The <<>> in the formatted output is a shorthand to indicate that there is an expression there that is too large to fit in the formatted version.

If you execute

InputForm[nlm]

you will see that everything you expect (and more) is there.

For plotting your expression is correct. Note that Mathematica chooses not to display all of the plot's y-range since the "interesting" part of the function would then note be visible. To see the entire y-range you can set PlotRange->All as in

Plot[nlm[x], {x, 0, 18000}, PlotRange -> All]

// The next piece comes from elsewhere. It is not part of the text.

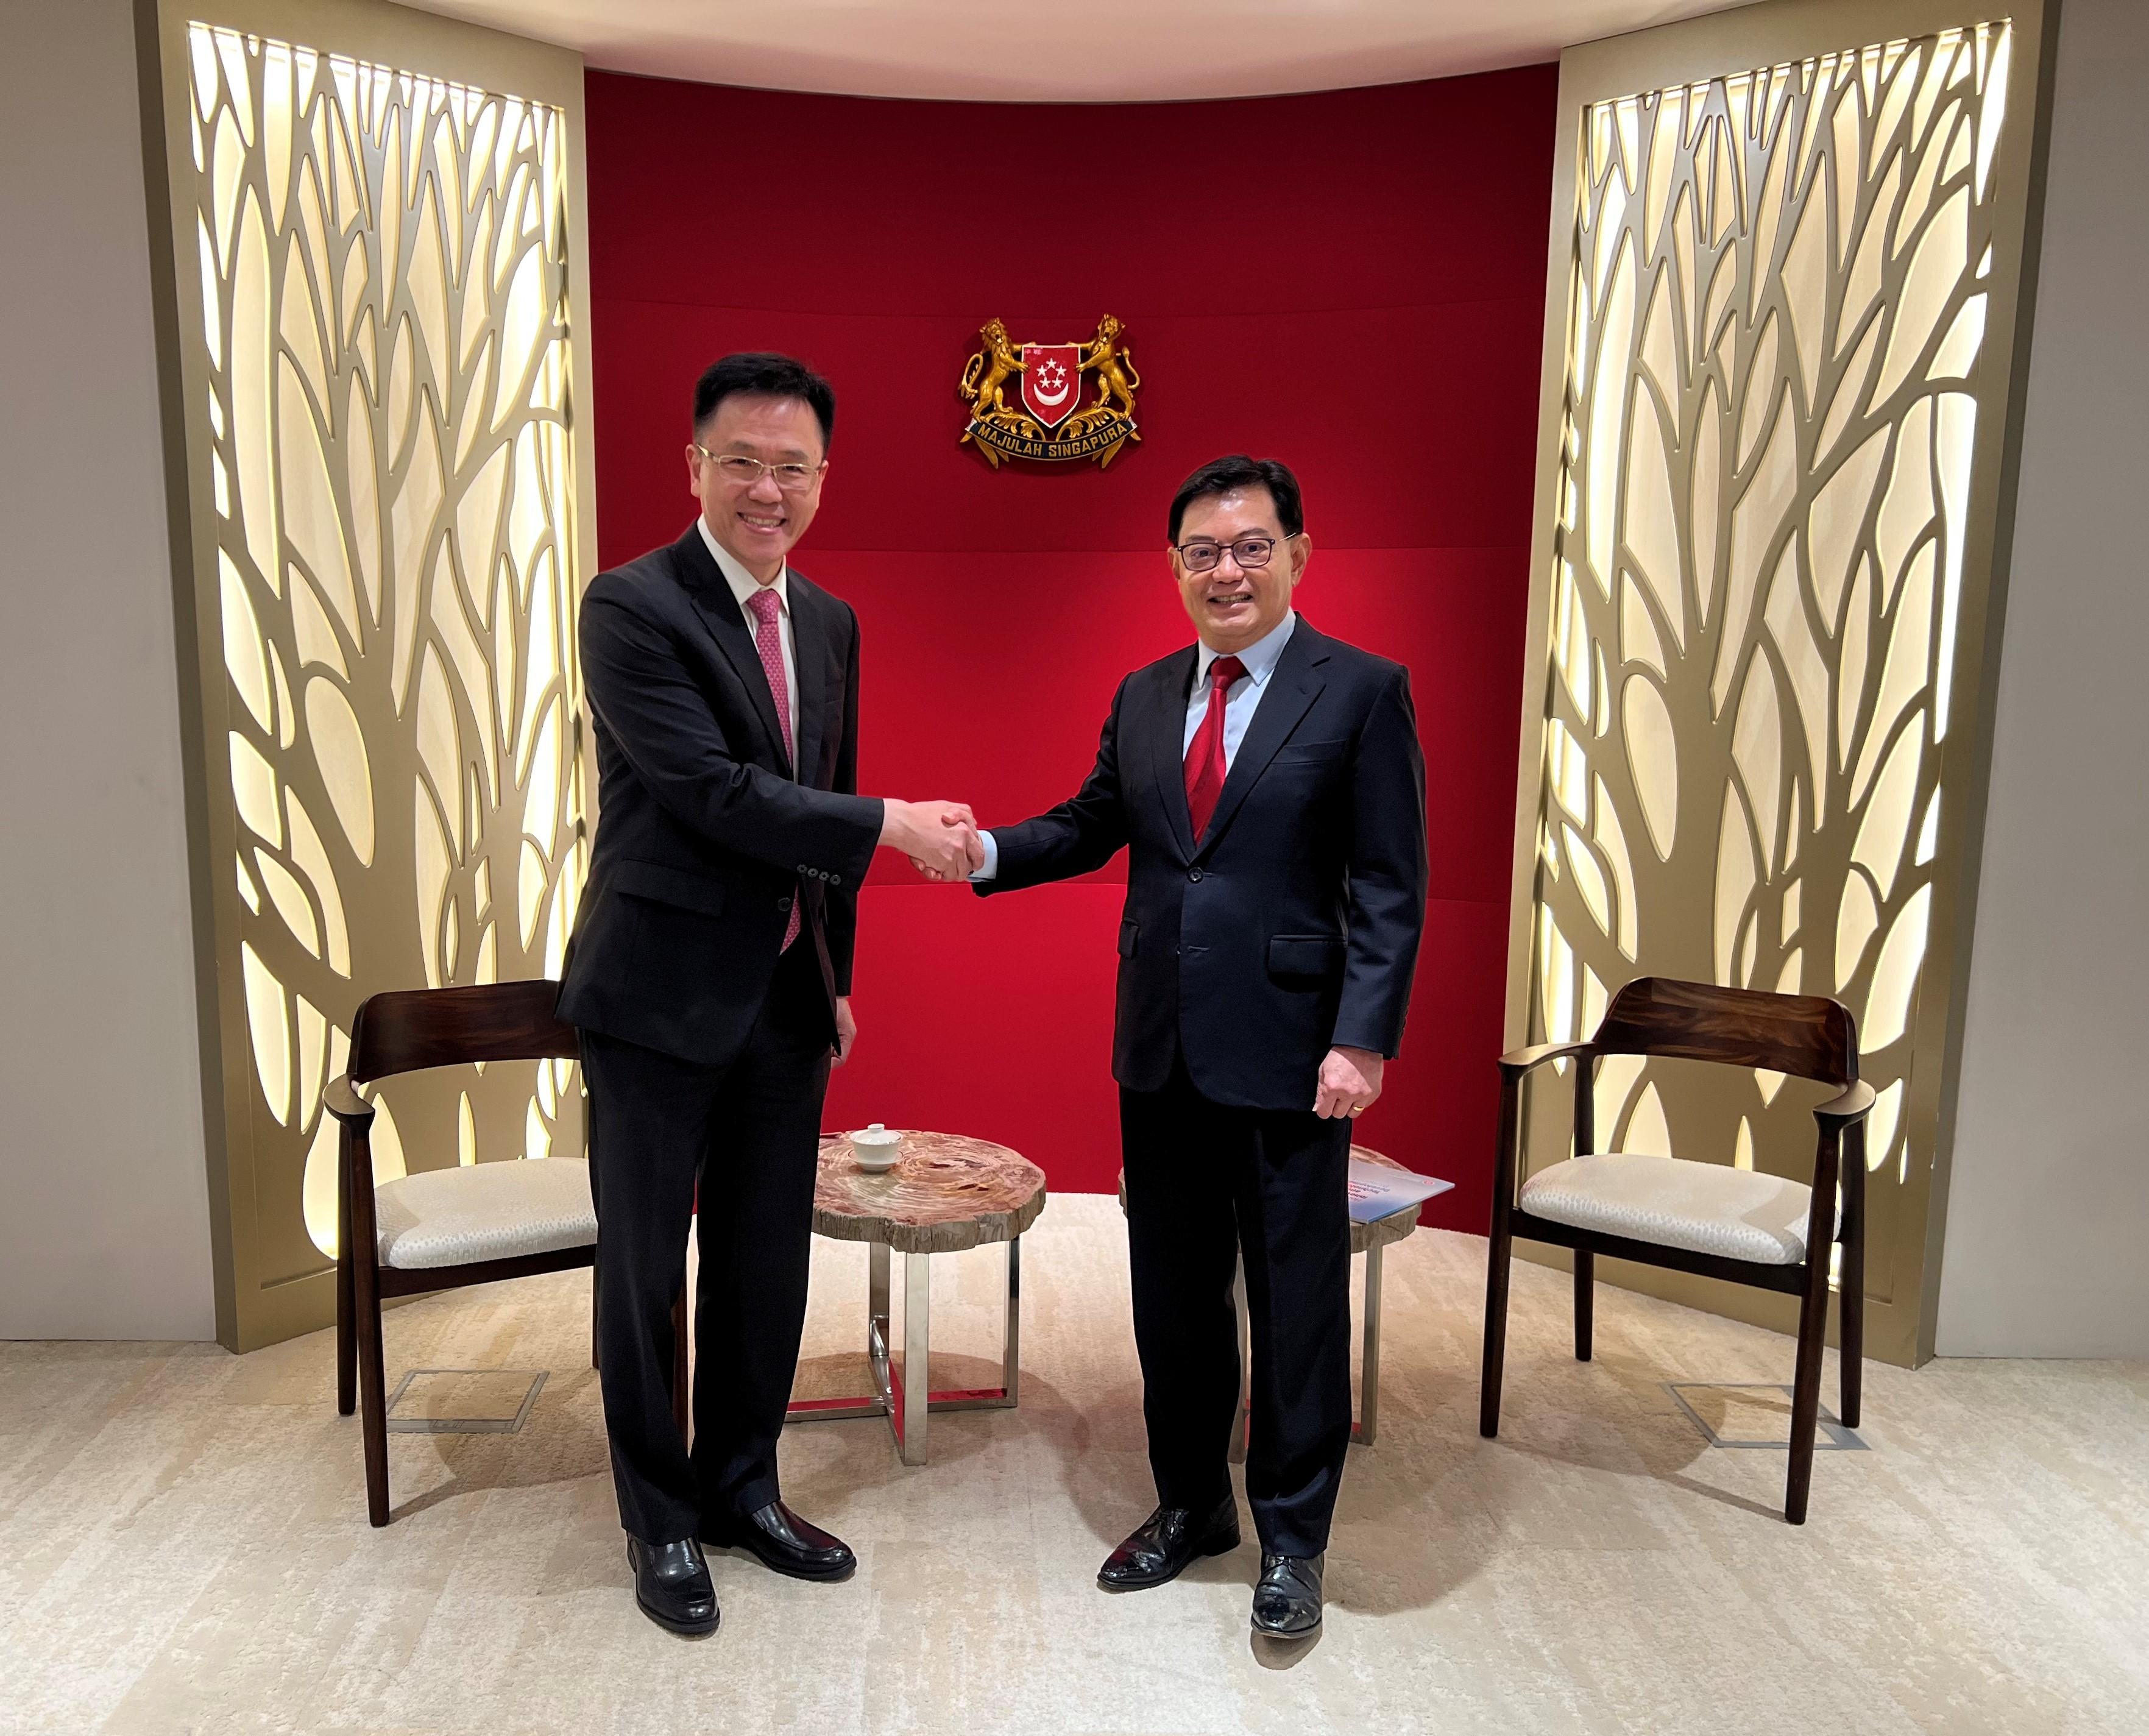 The Secretary for Innovation, Technology and Industry, Professor Sun Dong (left), pays a courtesy call on the Deputy Prime Minister and Coordinating Minister for Economic Policies of Singapore, Mr Heng Swee Keat (right), in Singapore today (May 23).

In the problem as stated, the best fit for b appears to be around 0.00008. For some reason NonlinearModelFit does not find it. If we rewrite the model slightly, so a good fit for b is about 0.8, it does well.

nlm = NonlinearModelFit[data, 
   1 - ((1/(1 + (2 b x/4.0952977))^3)) /. b -> b/10000, {b}, x];

Show[ListPlot[data], Plot[nlm[x], {x, 0, 18000}]]

Hi David. Are you sure? I used b->b/10000, so in your Out[85] there is still an expression which contains b. And that is the expression defining the model, with parameter b.

The goodness-of-fit is many times in the eye of the beholder. As a statistician I see that the first five values have positive residuals and the last three have negative residuals. That suggests that the model does not fit well (either the proposed curve form doesn't fit or the assumption of additive independent random errors is not supported or both). Also, R-squared is not so meaningful when describing the strength of the relationship of curves forced through the origin. In addition, I’d argue that the point {0,0} is likely NOT a data point as the curve form has to go through the origin.

A better measure of goodness is the root mean square error which is in the same units as the dependent variable. Given the undesirable residuals you might consider a slightly more complex model where the exponent "3" is replaced with a parameter.

data = {{1800, 0.258738807}, {3600, 0.362822881}, {5400, 
    0.473489839}, {7200, 0.54841429}, {9000, 0.614915391}, {10800, 
    0.638559079}, {14400, 0.68690743}, {18000, 0.730710491}};

(* Fit the model using the data *)
nlm = NonlinearModelFit[data, 1 - ((1/(1 + (b (x/1000)))^k)), {b, k}, 
  x]

(* Parameter estimates *)
nlm["BestFitParameters"]

(* Root mean square error *)
nlm["EstimatedVariance"]^0.5

(* Show the fit *)
Show[Plot[nlm[x], {x, 0, 18000}, PlotRange -> All], ListPlot[data]]

with output

{b -> 0.225117, k -> 0.818872}
0.0140814

I've also explicitly divided the independent variable by 1,000 as standardizing independent variables (either by subtracting the mean and dividing by the standard deviation or subtracting the minimum and dividing by the range) many times fixes numerical instabilities.

Hi David,

Thanks. That worked. The actual data is:

data = {{0, 0}, {1800, 0.258738807}, {3600, 0.362822881}, {5400, 0.473489839}, {7200, 0.54841429}, {9000, 0.614915391}, {10800, 0.638559079}, {14400, 0.68690743}, {18000, 0.730710491}};

I wrote the equation wrong. The actual equation is:

nlm = NonlinearModelFit[data, 1 - ((1/(1 + (2 b x/4.0952977))^3)), {b}, x].

Which gives an output of:

1 - 1/(1 + <<20>> x)^3

What do the <<>> mean?

For a plot of the graph is the following code correct:

Plot[nlm[x], {x, 0, 18000}]

Thanks,

Whoops! My bad! I need more coffee. Care to join me?

Yes your approach pushes the b into the region where whatever the Automatic Method is using will properly find it rather than send the search in the wrong direction.

I think Oregon is the better choice...

I don't understand why {b, 0.01} is incorrect for an initial guess for b?